The Best Four Needlepoint Stitches for a Hill or Mountain
Stitching a mountain, whether steep or just a hill, is a matter of slope – It reminds me of the movie with Hugh Grant “The man who went up a hill & down a mountain.” Not to ruin the movie for any Hugh Grant fans, but the town's “mountain” was just not high enough to qualify for the title, so the locals did some landscaping, and voila!
Slope of the mountain is just as important for needlepoint. The stitch can make an area look flat, sloped or down right steep. Just eye ball the mountain you want to stitch. Use your hand or a straight edge to tell the slope. Is it just a small hill, or is it a steep mountain.
"Misty Mountain" by JulieMar & Friends is a little landscape (5 x 5) that shows several stitches to use on slopes. But which stitch is the best for the mountain slope on your design?
Here are 4 stitches you can use on different slopes. Pick the one that best suits your canvas.
Lets start with "Lavender Fields" by Maggie, Co. The purple sloping hills in the background are perfect for a Bargello stitch. Use one that goes up and down gradually.
What do you do with a slightly steeper hill. Or if you have 2 hills back to back. "Amalfi Coast" by Laurie Ludwin is the perfect example.
Try different stitches for the 2 hills. The best stitch for the dark green hill in the background is the Diagonal Cashmere. It's a bit steeper. The Diagonal Cashmere stitch also was used by Julie in the "Misty Mountain" canvas above (middle mountain).
Use the Diagonal Scotch needlepoint stitch for the lighter green in the foreground. The slope is just a bit flatter.
Finally, you have a true mountain. It's steep and rocky.

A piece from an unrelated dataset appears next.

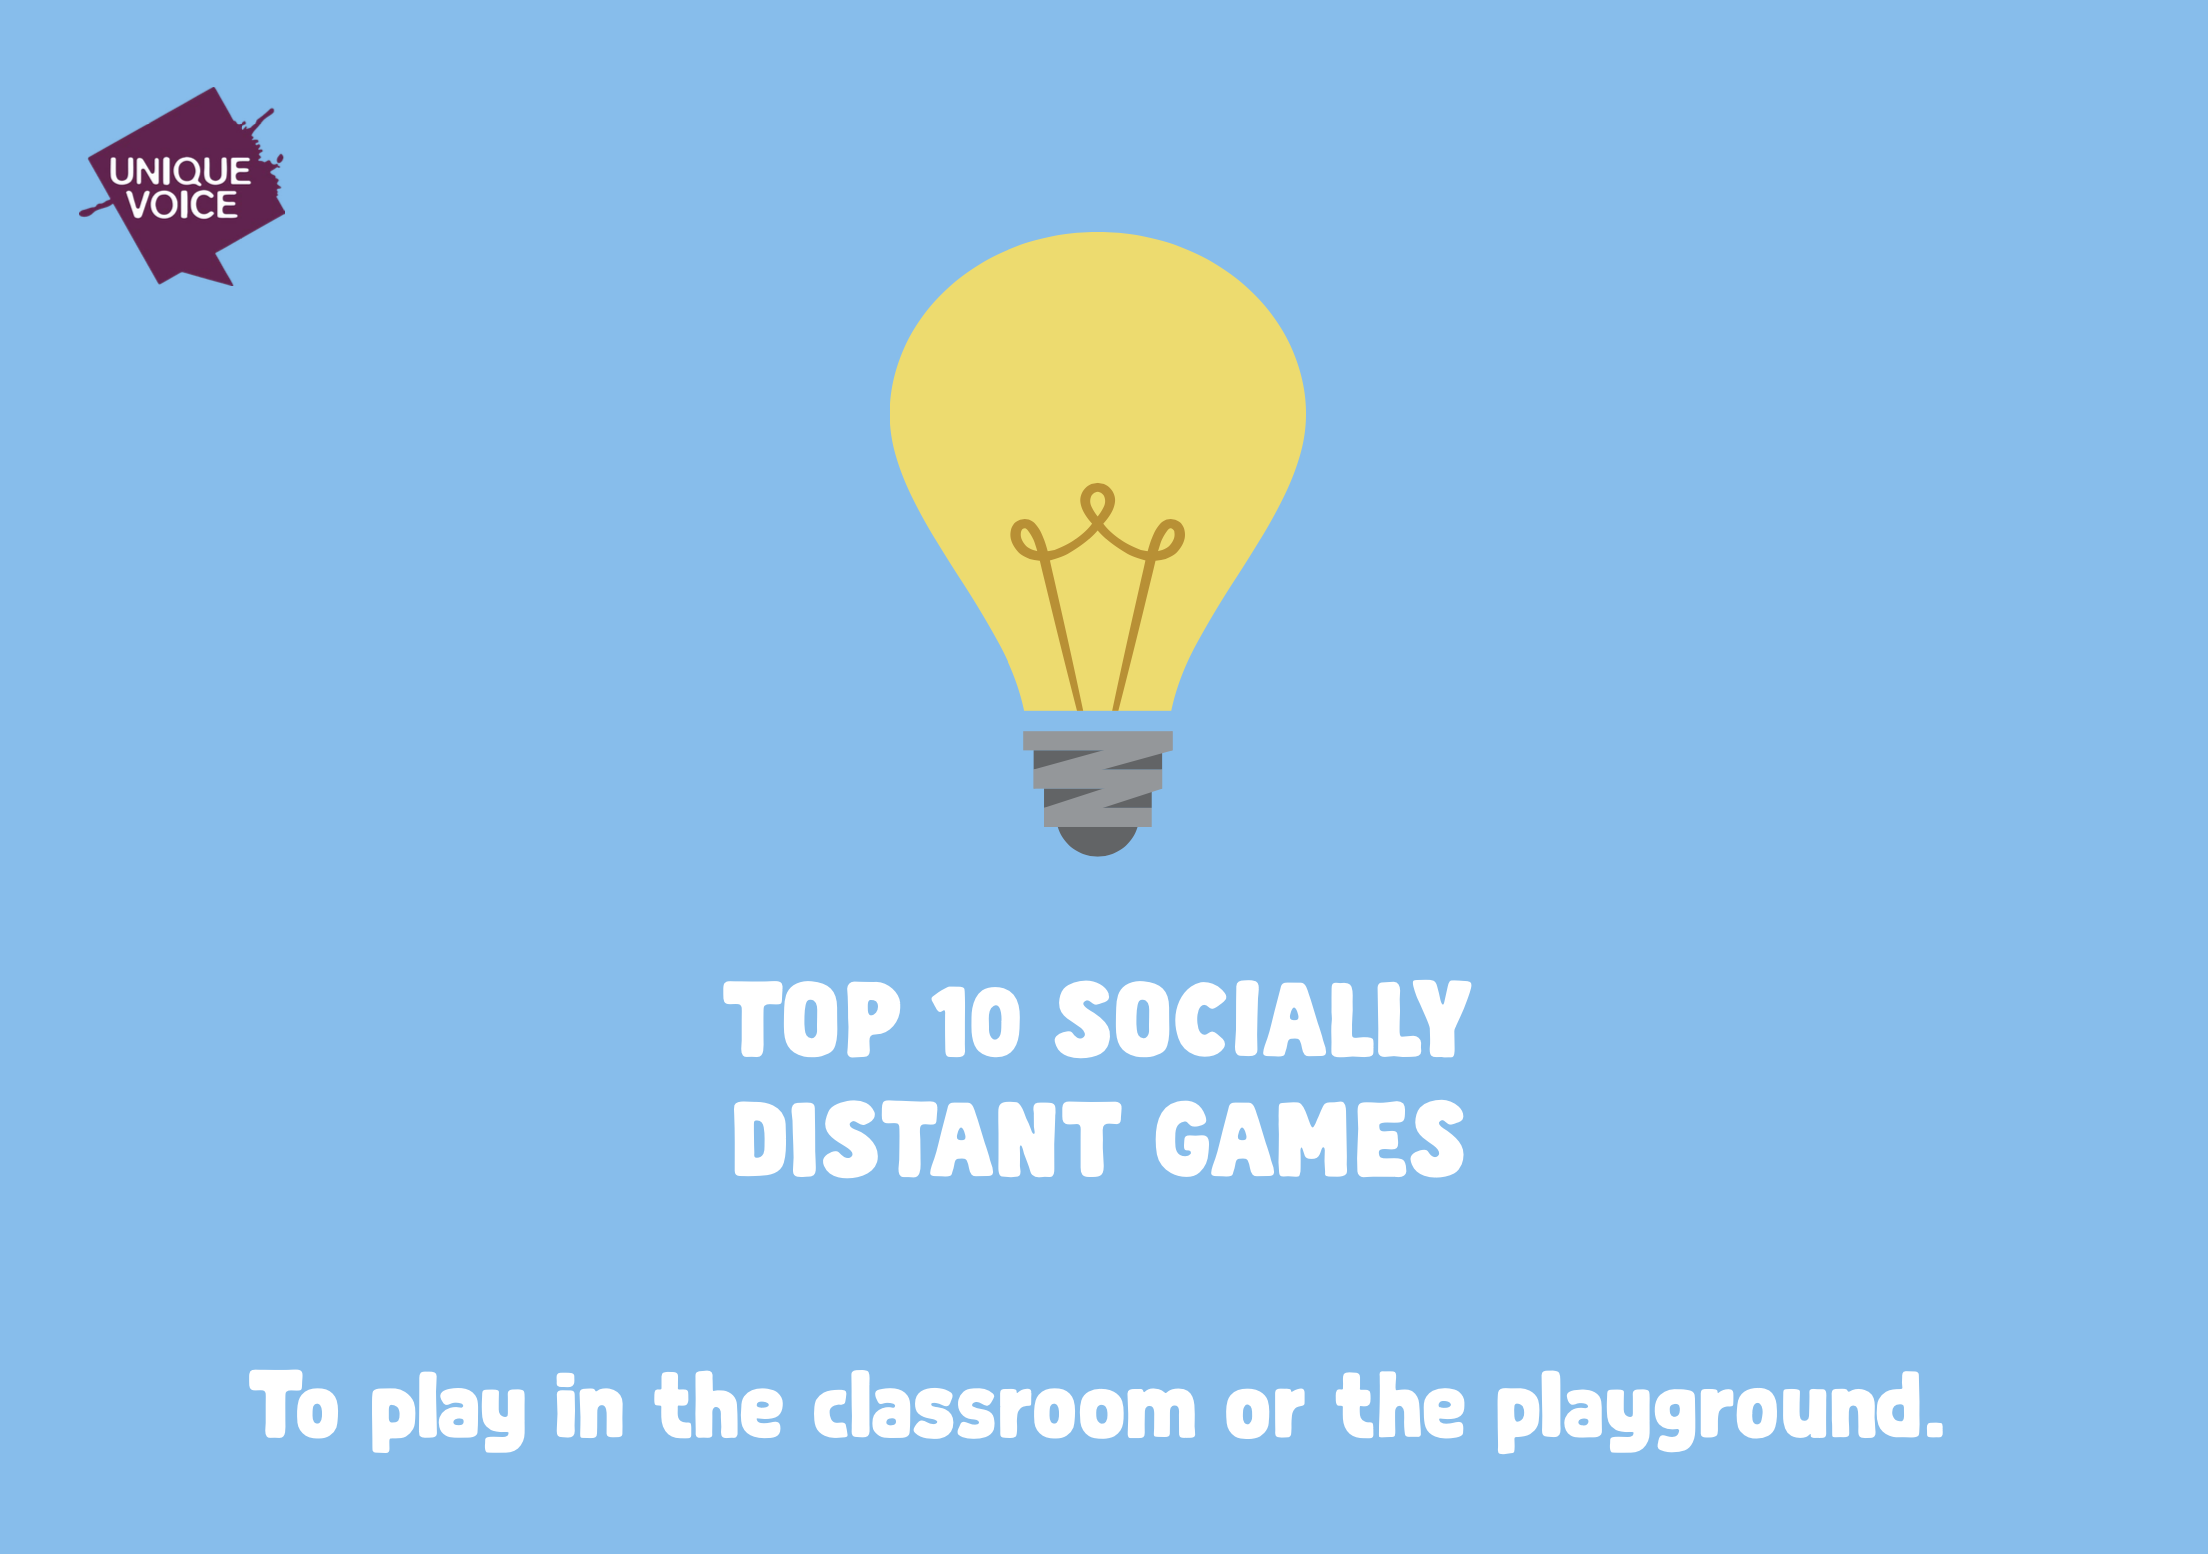 Top 10 Socially Distanced Games

The mountains in Louise Marion's "Mountain Lake" design do not need any additional landscaping to qualify as "mountains".
The Diagonal Roumanian needlepoint stitch is the best for these mountains. You can go in either direction with this stitch. Just follow the mountain slope. And, you can change the colors as you progress from the blue/purple mountains to the snow. Just keep the entire stitch in the same color: the long diagonal line and the short crossing stitch. This stitch also was used by Julie in "Misty Mountain" above (top mountain range).
So, check out your mountain slope and decide which stitch is best for you.